### What this task involves
In the data below, find the line containing "Revlon, American Vogue, February" and the line containing "GraphicRiver Vintage Logo Template 5958089", then reproduce them and every line between, exactly. Omit pictures.

### Given information
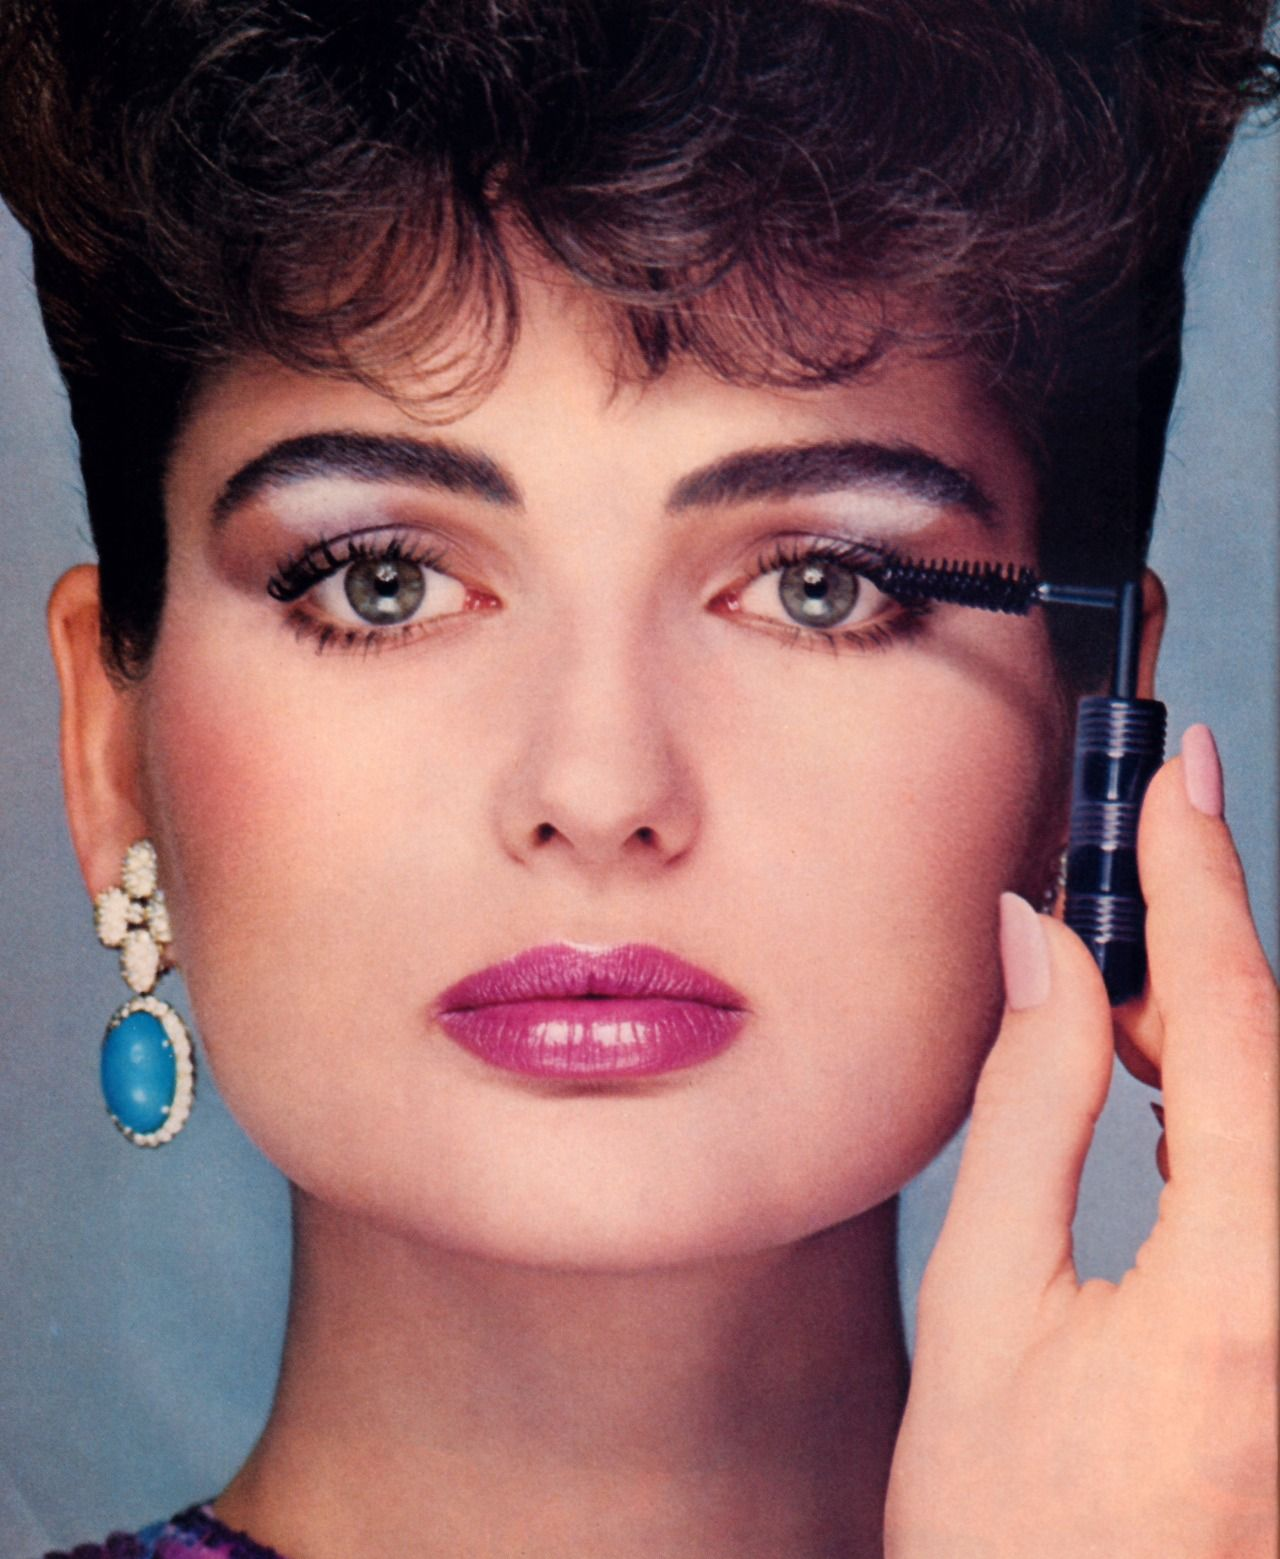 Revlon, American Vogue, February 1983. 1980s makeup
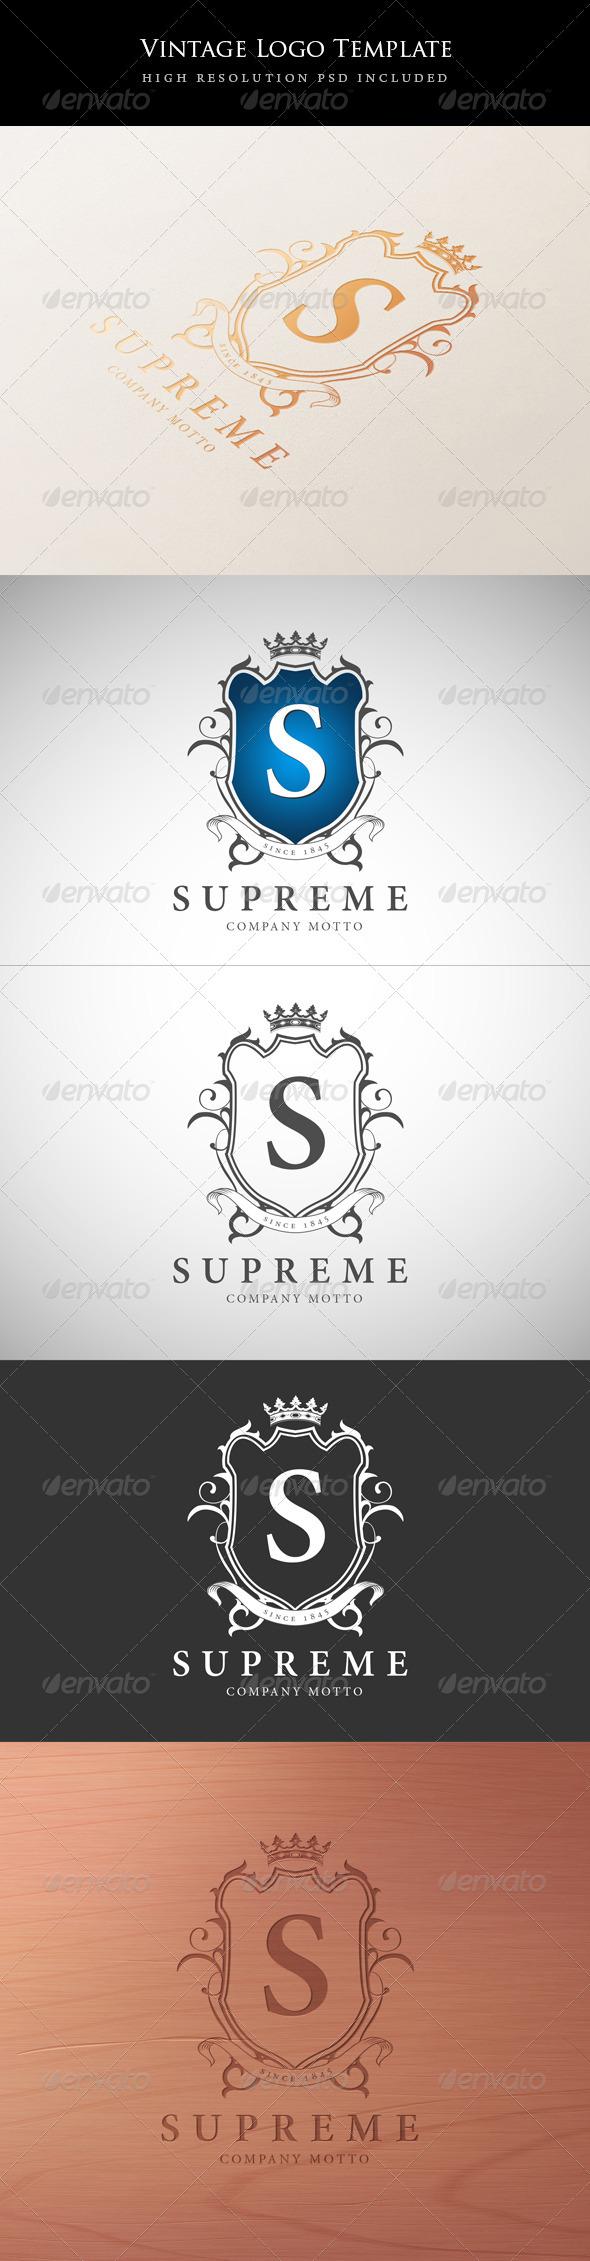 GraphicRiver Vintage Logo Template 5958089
* * *
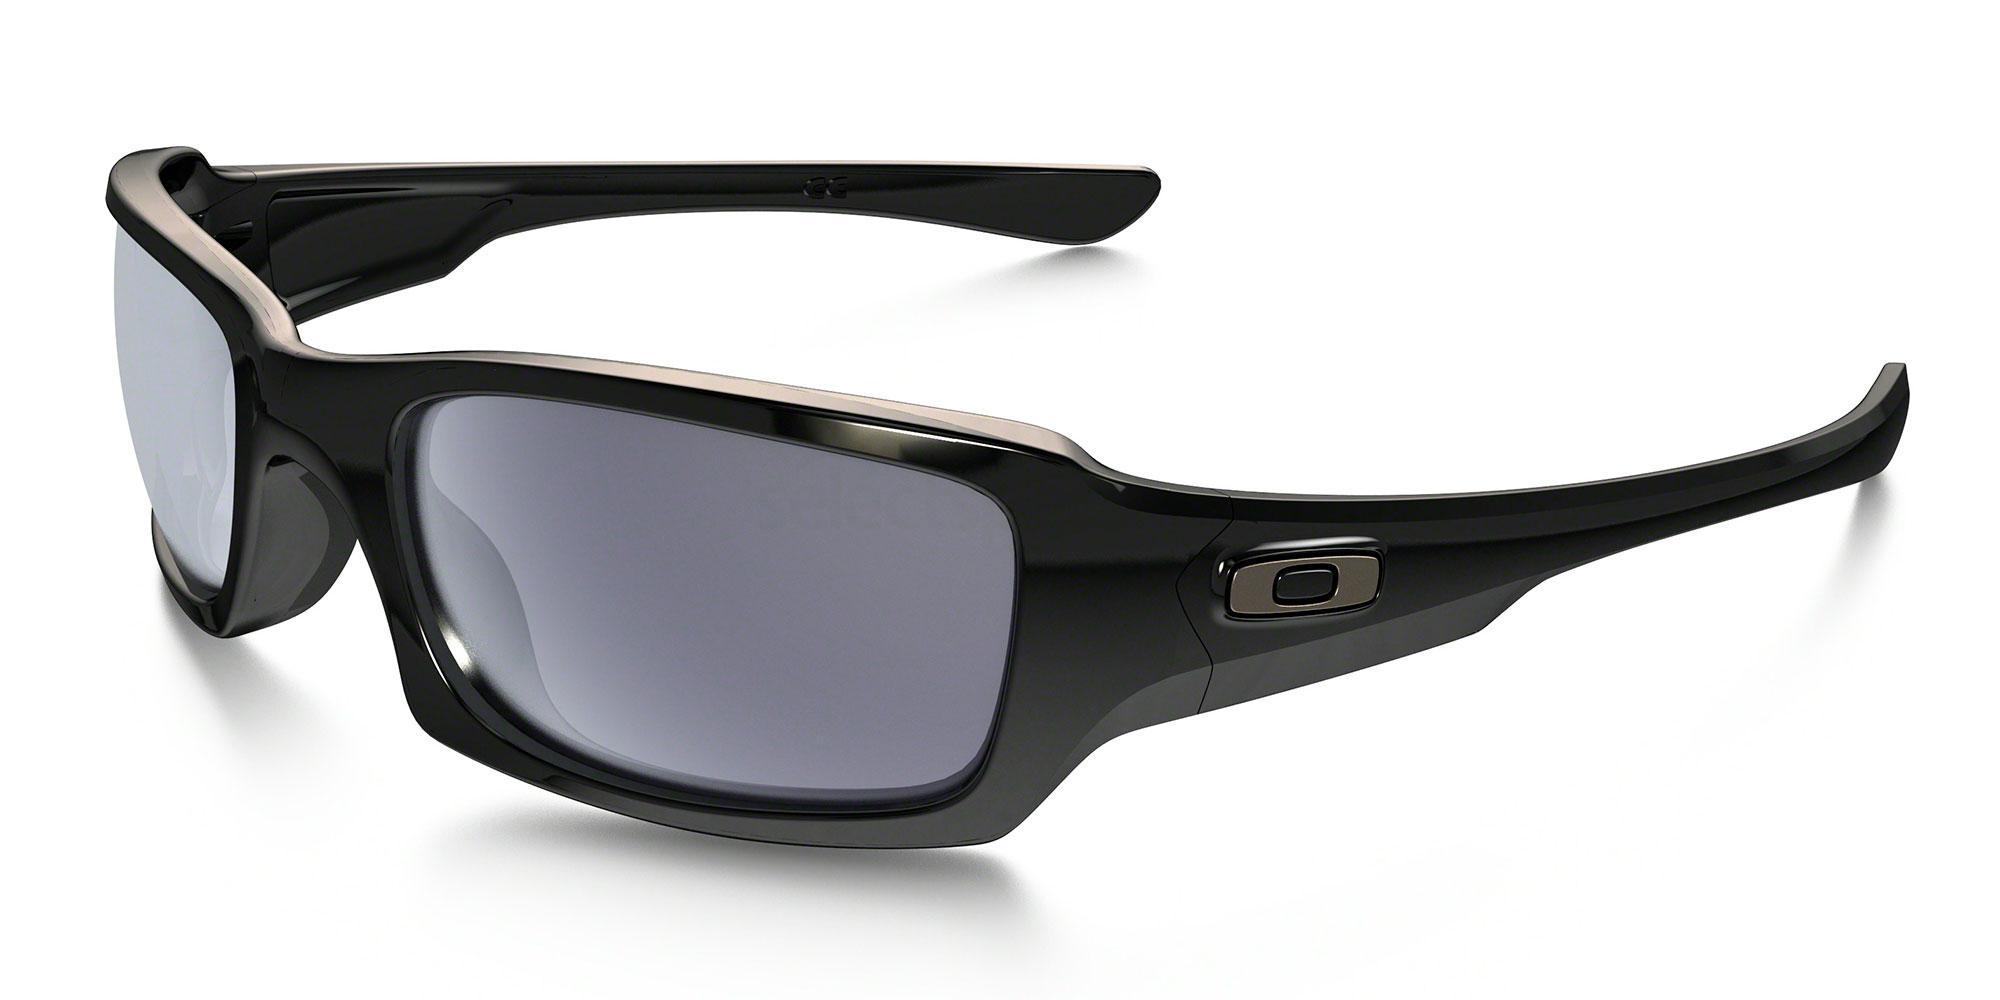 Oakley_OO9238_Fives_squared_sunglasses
...
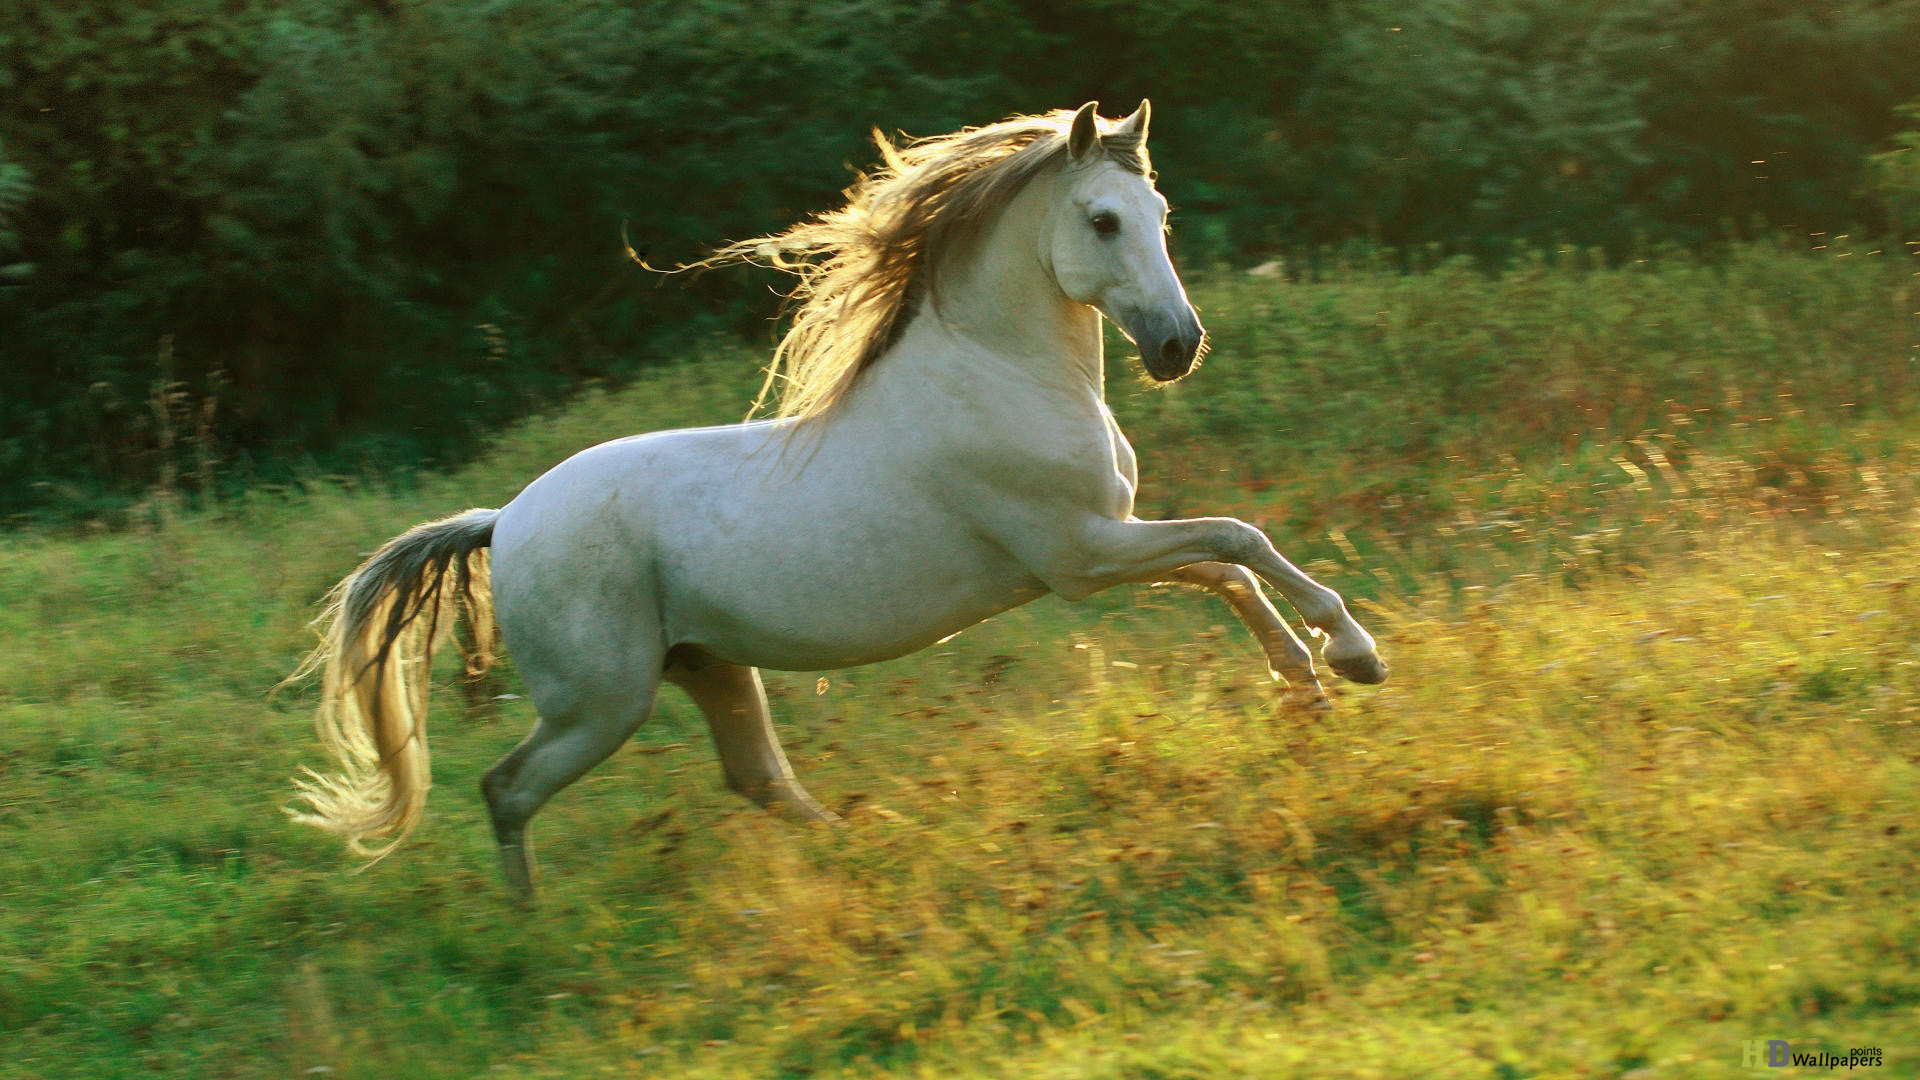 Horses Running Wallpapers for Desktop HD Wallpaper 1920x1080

### Answer for the task
 Revlon, American Vogue, February 1983. 1980s makeup
 GraphicRiver Vintage Logo Template 5958089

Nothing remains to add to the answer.